This increased central vs peripheral effect of methamphetamine agrees with the common subjective feeling among stimulant users that the methamphetamine high has less of an inherently 'jittery' quality to it. The downside is that this aversive effect may be helpful as it discourages harmful levels of use. It is unclear what real world impact this difference has. A double-blind but small study of 13 methamphetamine users revealed only a minor preference towards methamphetamine, and this may be explained by the users having a greater familiarity with the drug.[41]

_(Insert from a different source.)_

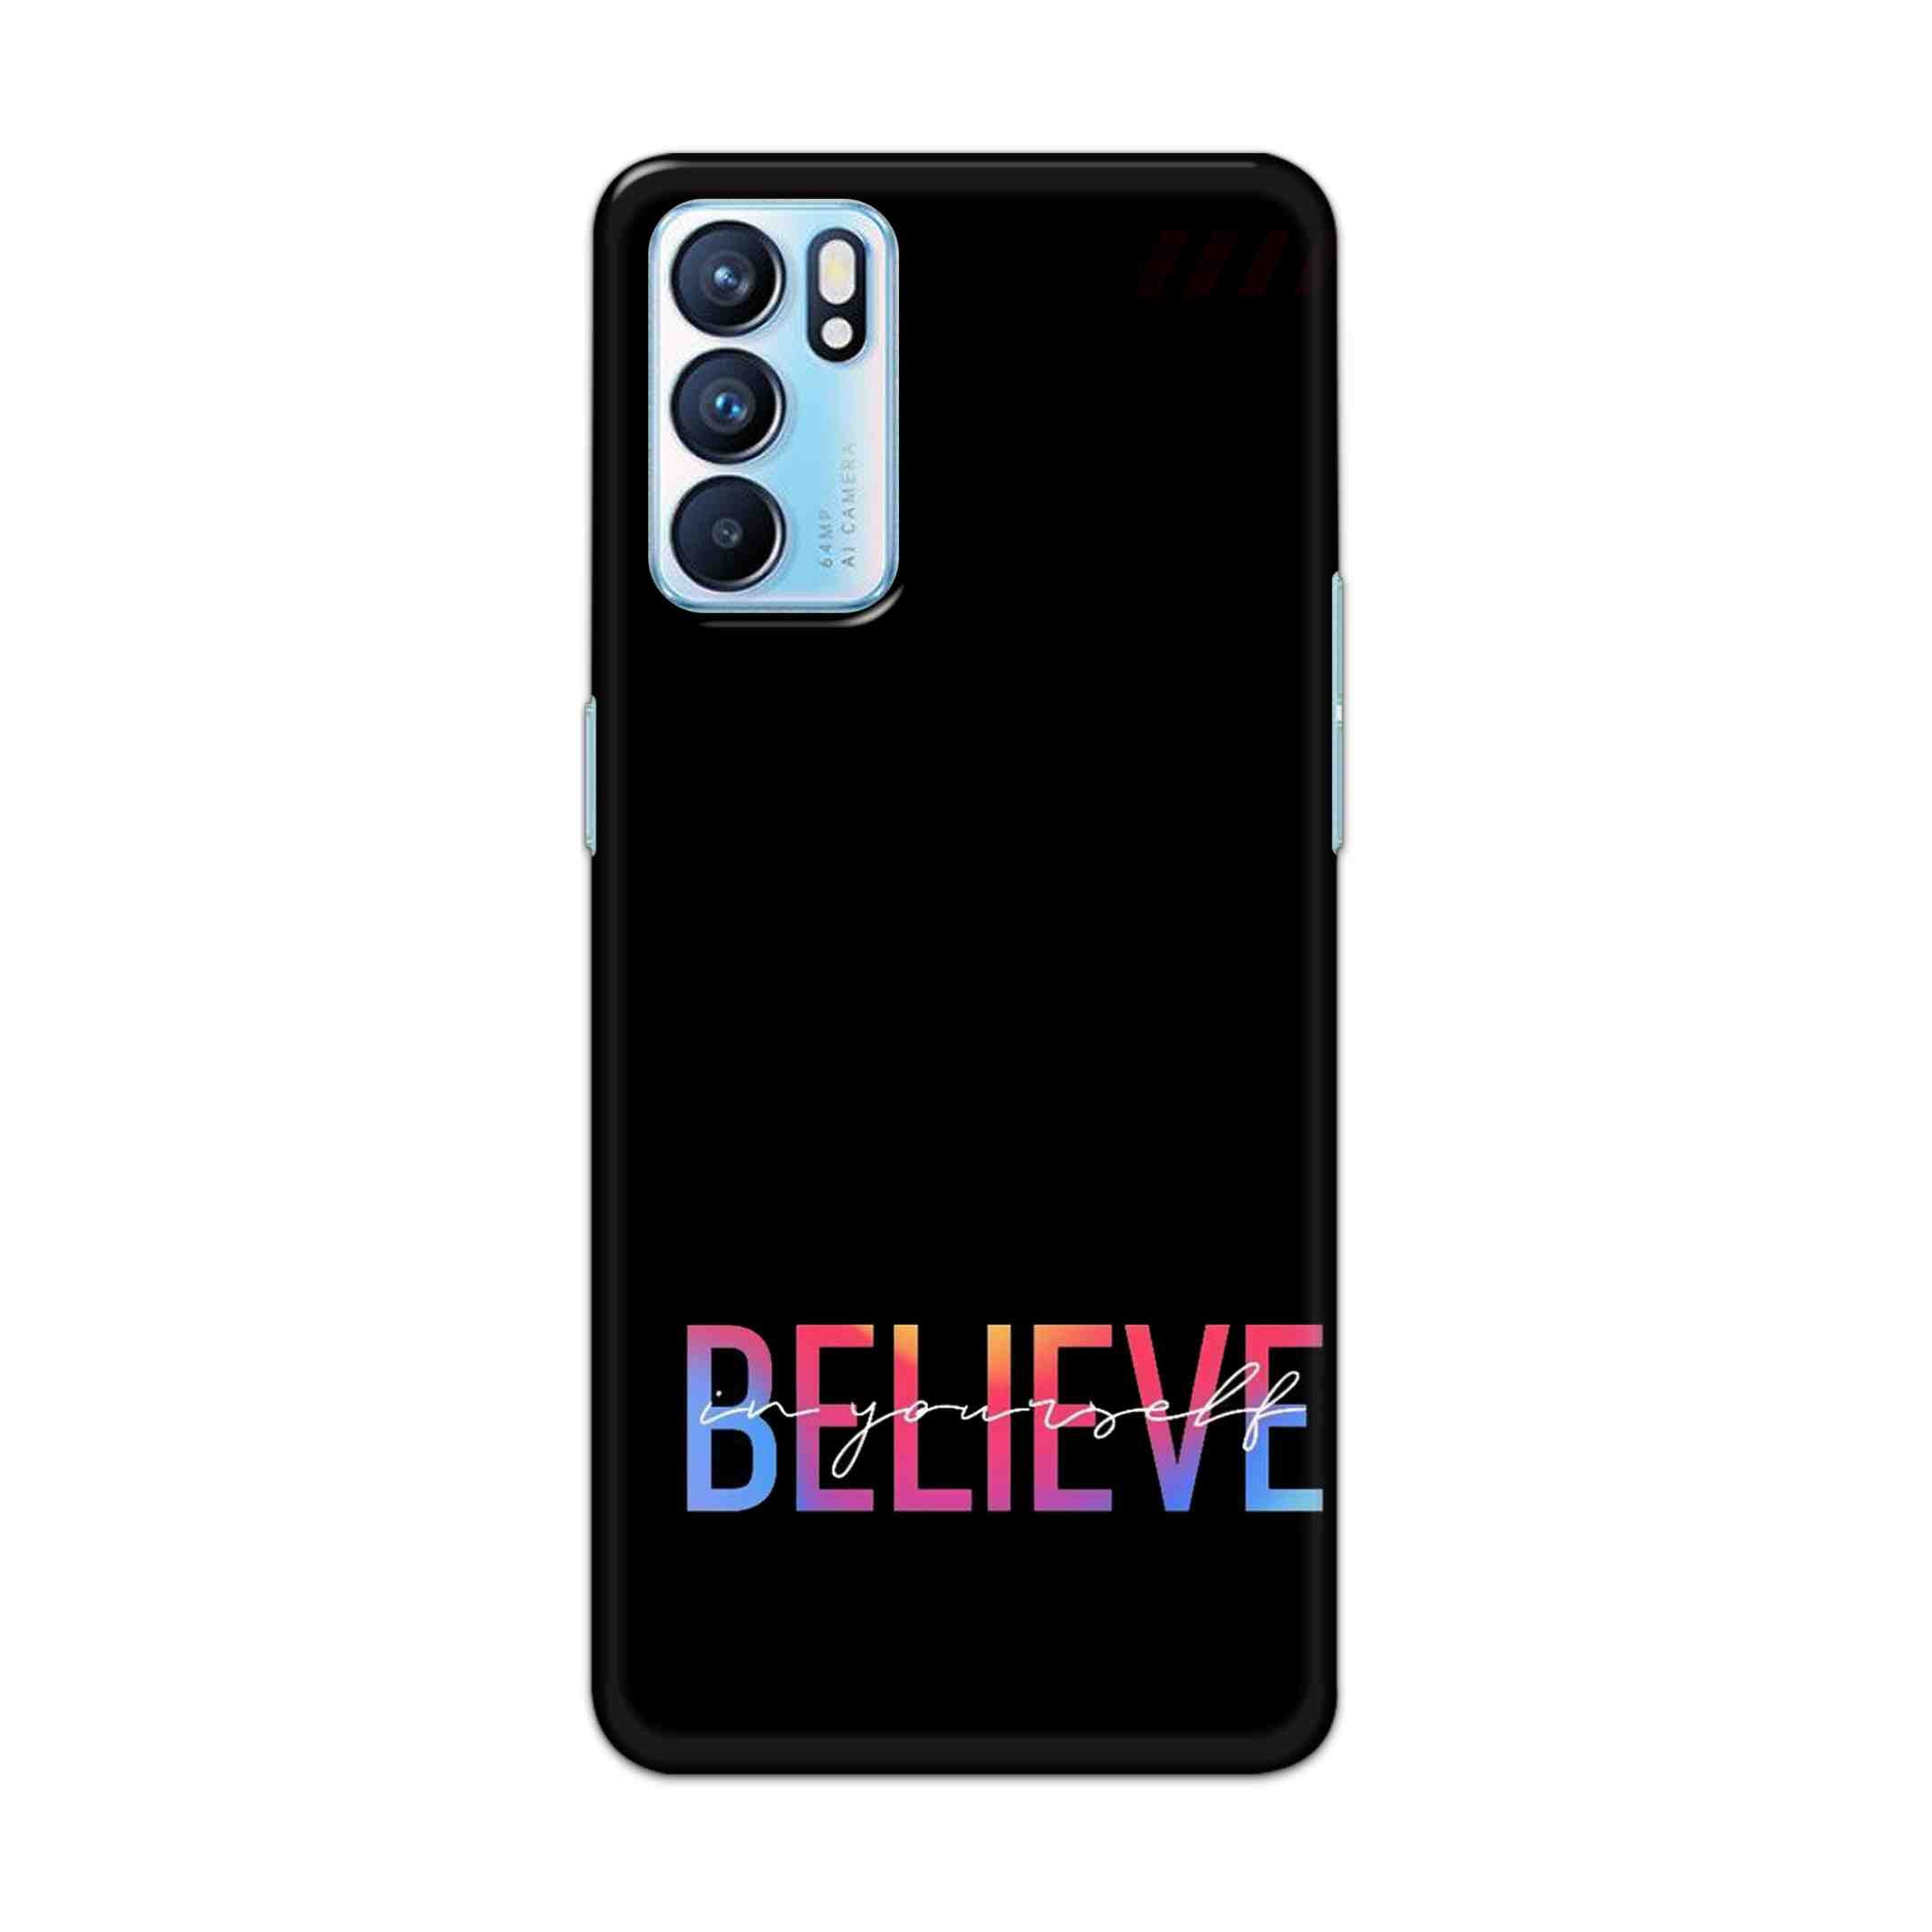 Buy Believe Hard Back Mobile Phone Case Cover For OPPO RENO 6 5G Online

It is strongly recommended that one use harm reduction practices when using this substance.

Psychosis

Main article: Stimulant psychosis

Abuse of methamphetamine can result in a stimulant psychosis that may present with a variety of symptoms (e.g., paranoia, hallucinations, delusions).[38] A review on treatment for amphetamine, dextroamphetamine, and methamphetamine abuse-induced psychosis states that about 5–15% of users fail to recover completely.[38][42] The same review asserts that, based upon at least one trial, antipsychotic medications effectively resolve the symptoms of acute amphetamine psychosis.[38] Psychosis very rarely arises from therapeutic use.[43]

Overdose

A methamphetamine overdose may result in a wide range of symptoms and is potentially fatal at heavy dosages.[44] A moderate overdose of methamphetamine may induce symptoms such as abnormal heart rhythm, confusion, dysuria, high or low blood pressure, hyperthermia, hyperreflexia, myalgia, severe agitation, tachypnea, tremor, urinary hesitancy, and urinary retention.[45] An extremely large overdose may produce symptoms such as adrenergic storm, methamphetamine psychosis, anuria, cardiogenic shock, cerebral hemorrhage, circulatory collapse, hyperpyrexia, pulmonary hypertension, renal failure, rhabdomyolysis, serotonin syndrome, and a form of stereotypy ("tweaking"). A methamphetamine overdose will likely also result in mild brain damage due to dopaminergic and serotonergic neurotoxicity.[28][33] Death from fatal methamphetamine poisoning is typically preceded by convulsions and coma.[46]

Emergency treatment

Acute methamphetamine overdose is largely managed by treating the symptoms, and administration of benzodiazepines relieves symptoms such as agitation, hypertension, tachycardia, and seizure.[47]

Harm reduction

Studies have shown that N-acetylcysteine (NAC) can block the harmful neurotoxic effects of methamphetamine while preventing neurotransmitter depletion in rats[48] and clinical trials in humans to treat methamphetamine dependence are currently underway. NAC may be effective for reducing the cravings and psychological dependence as well.[49] NAC has a short half life and a sustained release formulation may be preferred for harm reduction purposes. Selenium has also been shown to protect the brain against meth induced neurotoxicity.[50] However, it is worth noting that this data is preliminary and may not be applicable to humans.

Dangerous interactions

Warning: Many psychoactive substances that are reasonably safe to use on their own can suddenly become dangerous and even life-threatening when combined with certain other substances. The following list provides some known dangerous interactions (although it is not guaranteed to include all of them).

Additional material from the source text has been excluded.